When Jeffrey Berns first began practice as a nephrologist in the late 1980s, kidney disease in the U.S. was in the early stages of a stratospheric rise. In 1972, Congress had passed legislation that made anyone with end-stage renal disease, or ESRD — the current formal medical diagnosis for kidney failure — eligible for Medicare. Unlike private insurance, which rarely covered dialysis at the time, Medicare did, and the nation was at the dawn of a dialysis demand boom. The only question for the marketplace was: Who was going to step in to meet that demand?
The answer wasn't immediately obvious. People with ESRD present some of the most complex cases in all of medicine, says Berns. They often have a variety of co-occurring conditions, from anemia to diabetes to heart failure, and this makes managing their care time-consuming — something that many doctors say isn't adequately reimbursed in the Medicare fee for a basic appointment.
Independent and hospital-based dialysis clinics began popping up in the 1960s and 70s, but thanks to an aging population and rising rates of diabetes and high blood pressure, the ESRD population grew so quickly that the dialysis industry couldn't keep up. Although the dialysis industry was incredibly lucrative, startup costs were, and still are, steep, according to Deepak Jasuja, a nephrologist with Columbus Regional Health outside Indianapolis.
What emerged was the joint venture, an entrepreneurial arrangement that lets two or more individuals share in the risks and benefits of a business.
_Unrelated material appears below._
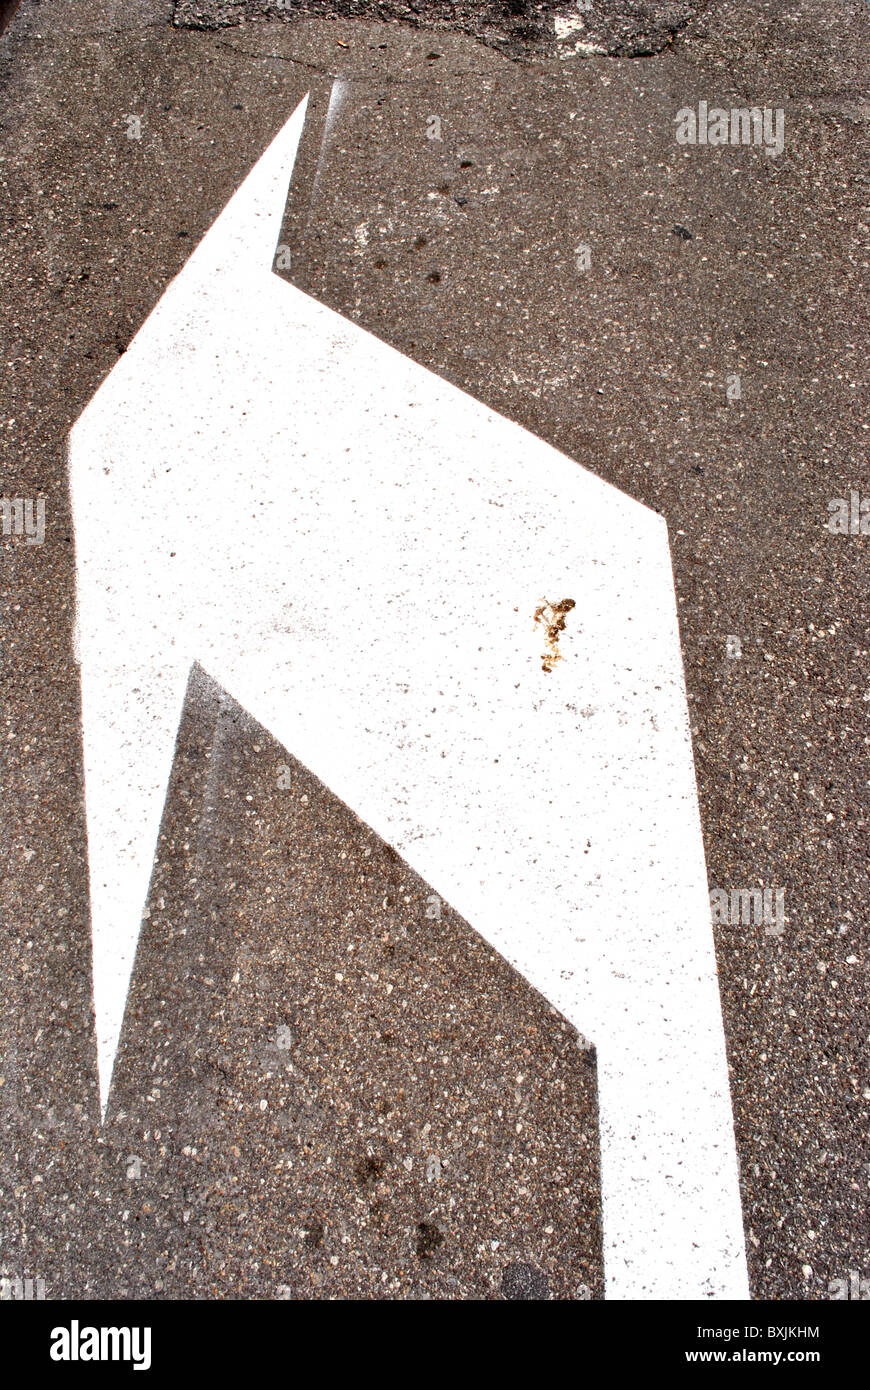 gedruckt auf dem Asphalt Verkehrszeichen an, mit einem Pfeil nach links abbiegen Stockfoto

In the case of kidney disease treatment, two key services were in play: the diagnosis and management of care for the patient, including prescribing dialysis, by a nephrologist and the delivery of mechanical dialysis itself, where the filtering that would normally be done by the kidney is done by machine.
It proved a winning solution, and in the decades since Berns entered the field, the number of dialysis clinics has exploded. By 2008, the average zip code in the U.S. had 1.2 dialysis clinics, with some having as many as seven. The problem, says Berns, is that no one outside the two big chains that own most dialysis clinics has any idea of how many are operated as joint ventures, and how that arrangement can influence medical decision making.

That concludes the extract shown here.